Hazyville, Darren Cunningham’s 2008 debut LP as Actress, remains enchanting because of its unrelenting uncanniness, seamlessly crossing genres while deep in narcosis, an elegant record aimed solely at emotional resonance. Like Hazyville, Cunningham’s second album, Splazsh is stylistically diverse, its shapeshifting unified by his predilection for clipped vocal stabs and subtle, droning atmospherics. It’s often rougher than its predecessor, its genre shifts are more drastic, and so perhaps the mood is not as wholly gray. Regardless of any new inflections, though, an Actress track still sounds like precious little else.
The album kicks off with two previously-released cuts, both of which are among Cunningham’s best work: an abridged version of “Hubble,” from the second Thriller 12″, and a remix of Various Production’s “Lost.” The former hypnotically imitates human-made mechanics in space, smothering a stunted, shivering house beat in slowly oscillating drones. “Lost” uses a similar palette, retaining the broken, ethereal aura with a slightly faster pace, as wispy R&B vocals mingle with bleary melodic tones. The results are entirely haunting, like Theo Parrish’s “Soul Control” if Alena Waters sang while slowly disintegrating; all resigned, inky regret. The churning menace of “Get Ohn (Fairlight Mix)” (seemingly a chopped & screwed version of “Slowjam,” which appeared on Martyn’s Fabric mix) is another highlight. A distorted, swung drum pattern is scattered through blotches of bass weight while an aching alien voice repeats the titular phrase; it’s ominously funky, like a dance hit re-recorded until it’s tape-warped and barely intelligible.
Much of the album is made up of impressionist genre studies tinged with Cunningham’s hallmarks.
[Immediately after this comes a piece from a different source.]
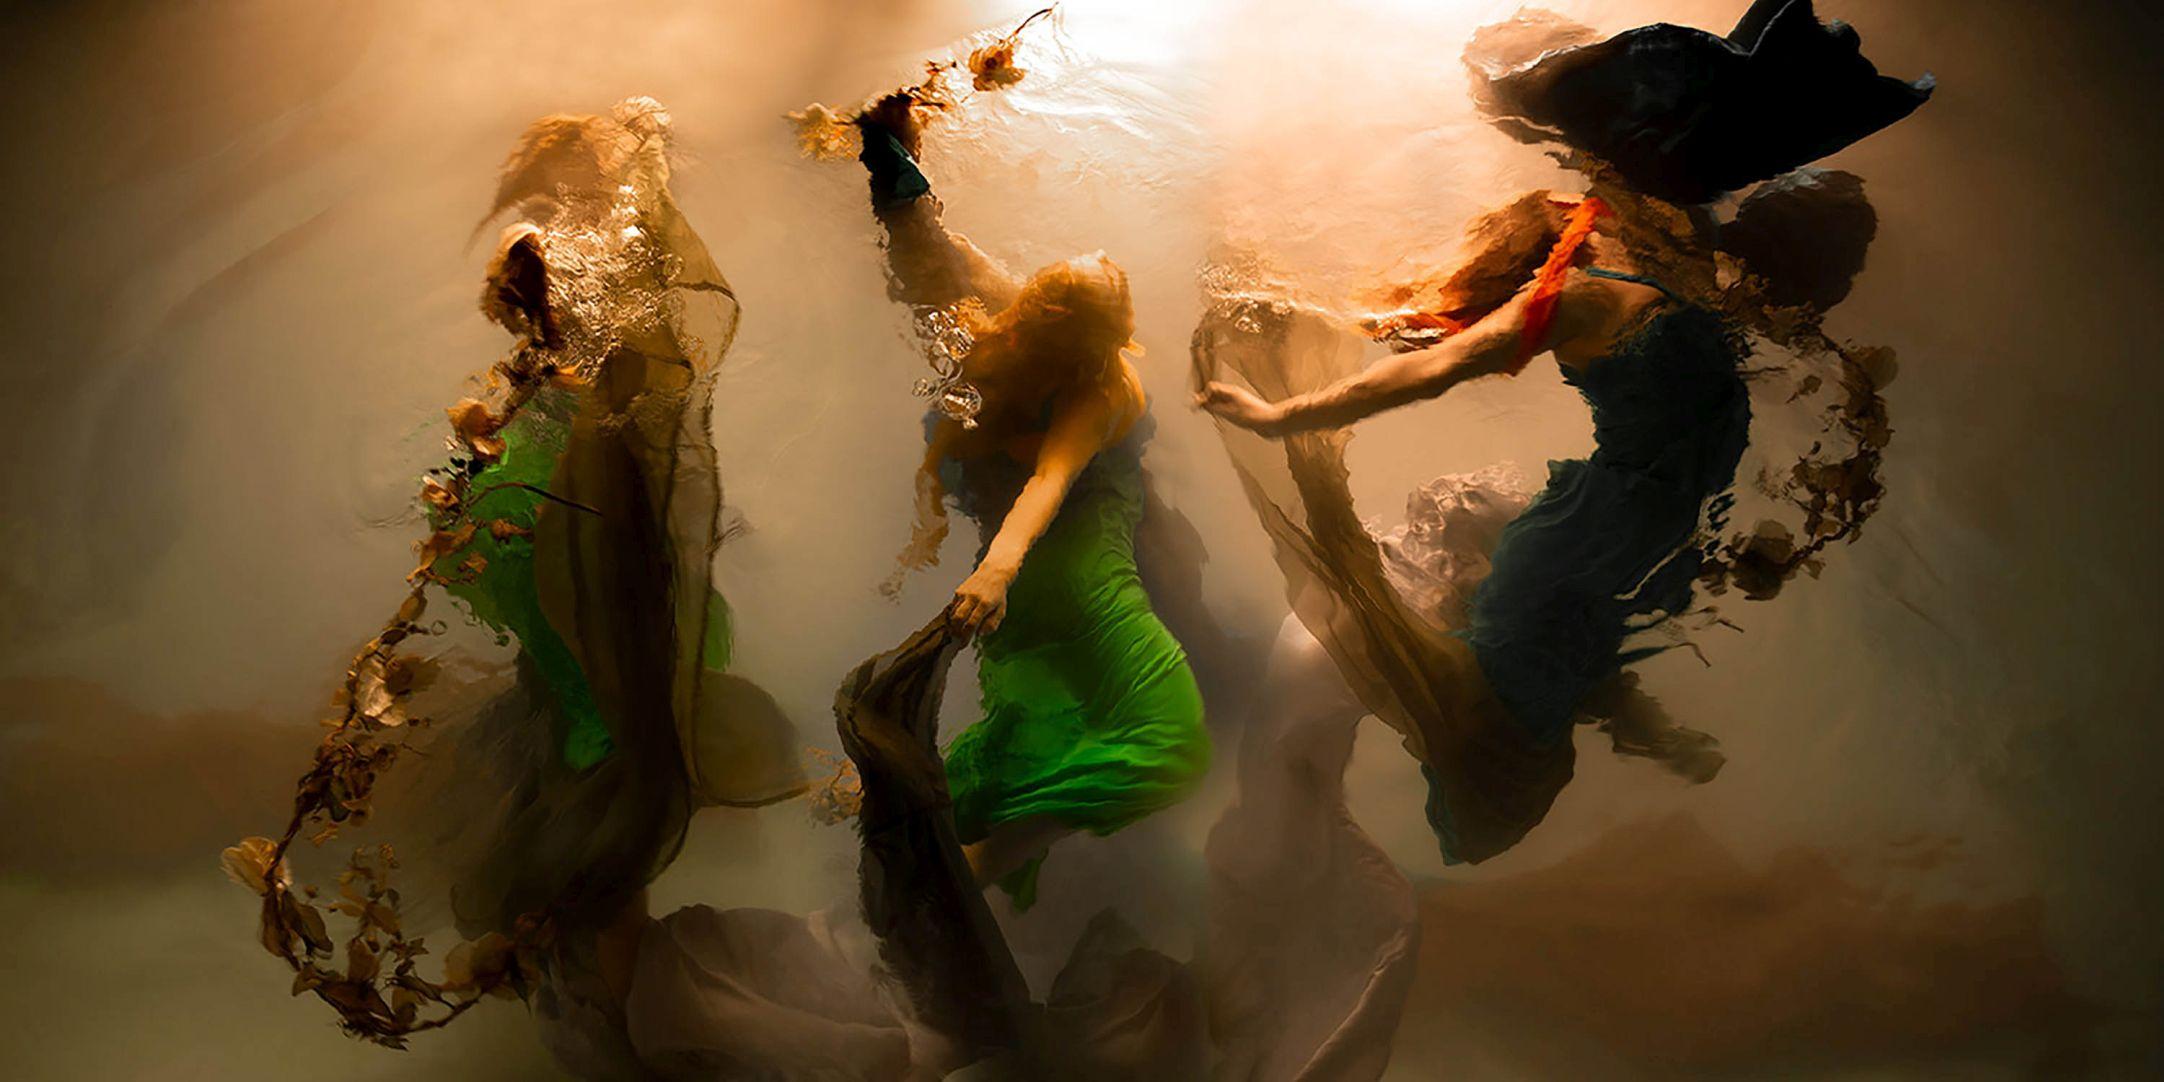 ©Christy Lee Rogers, Metamorphosis

The relatively perky “Always Human” flirts with microhouse and the choppier end of garage in its cut-up arrangement, while “Let’s Fly” feels like an homage to Juan Atkins’ Infiniti, linear and dreamy with a vague, murmuring vocal. “Purple Splazsh” evokes a lost Minneapolis instrumental; an overdriven guitar loop and a minimal stop-start drum pattern repeat atop a shimmering, ghostly undercurrent. On “Wrong Potion,” the record takes a sudden turn into brutalist power electronics. The final three tracks follow this trend, all suffused with a metallic clang, recalling Cunningham’s three-track EP on NonPlus+ earlier in the year, as well as Pan Sonic, or Shake’s Levitate Venice. This closing harshness works jarringly, awaking the listener from the hazy complacency of the record’s body. These tracks feel almost violent, a collective warning about becoming too comfortable with technology. Splazsh is essential listening because it represents techno at its purest, as a truly avant-garde music; its engagement with the past only reinforces its futuristic vision. If Hazyville was escapist in the creation of its own soundworld, Splazsh seems more like the product of contemporary interaction, still cloaked in anxious haze, but more manic, visceral and immediate.
Absolutely stunning album. Some of the tracks don’t sound that well mastered, but then part of the raw edge here is from digging through those marshy layers of funk
i don’t know how to feel about this. like his first record, i really WANT to like it, but i can’t get into it. on paper, it’s exactly the kind of thing i would dig, but in practice it isn’t working out like that.
I agree with Tom and it’s a sentiment I feel with most of his work. All the right sounds, done in the right way, but it just doesn’t resonate with me.
Having said that, some of it is beyond awesome. Esp, the first sample here and the second track on the LP (various prods remix).
Going to order this next month. Love the rave sounds.
it’s superb. but like a lot of his stuff it’s not immediate. i heard hazyville and thought “pity it’s not on vinyl” then picked up bits and bobs as they were released on Prime Numbers.
i’ve been playing that Various Productions remix since it was released and the more i play it the more i love it. in fact that’s a characteristic of actress. you pick it up initially and think, “yeah that’s ok” and find yourself going back to it again and again and again.
i’m not sure either hazyville or splazsh actually work as albums but there are very few duds on either.
people should try and track down Thriller 3, if only for the aching space-boogie killer that is “Freak for you”.
yeah, i agree clom…that seems to be the (generally) unanimous experience with actress (certainly mine). but as much as splazsh is about hidden grooves, a lot of it hit me right away, probably due to how raw the production is – whereas hazyville took me months.
both lps do have that manic beat-tape feel, but i don’t know how else he could release his material – i think the cd lends itself best to that sort of sketchiness.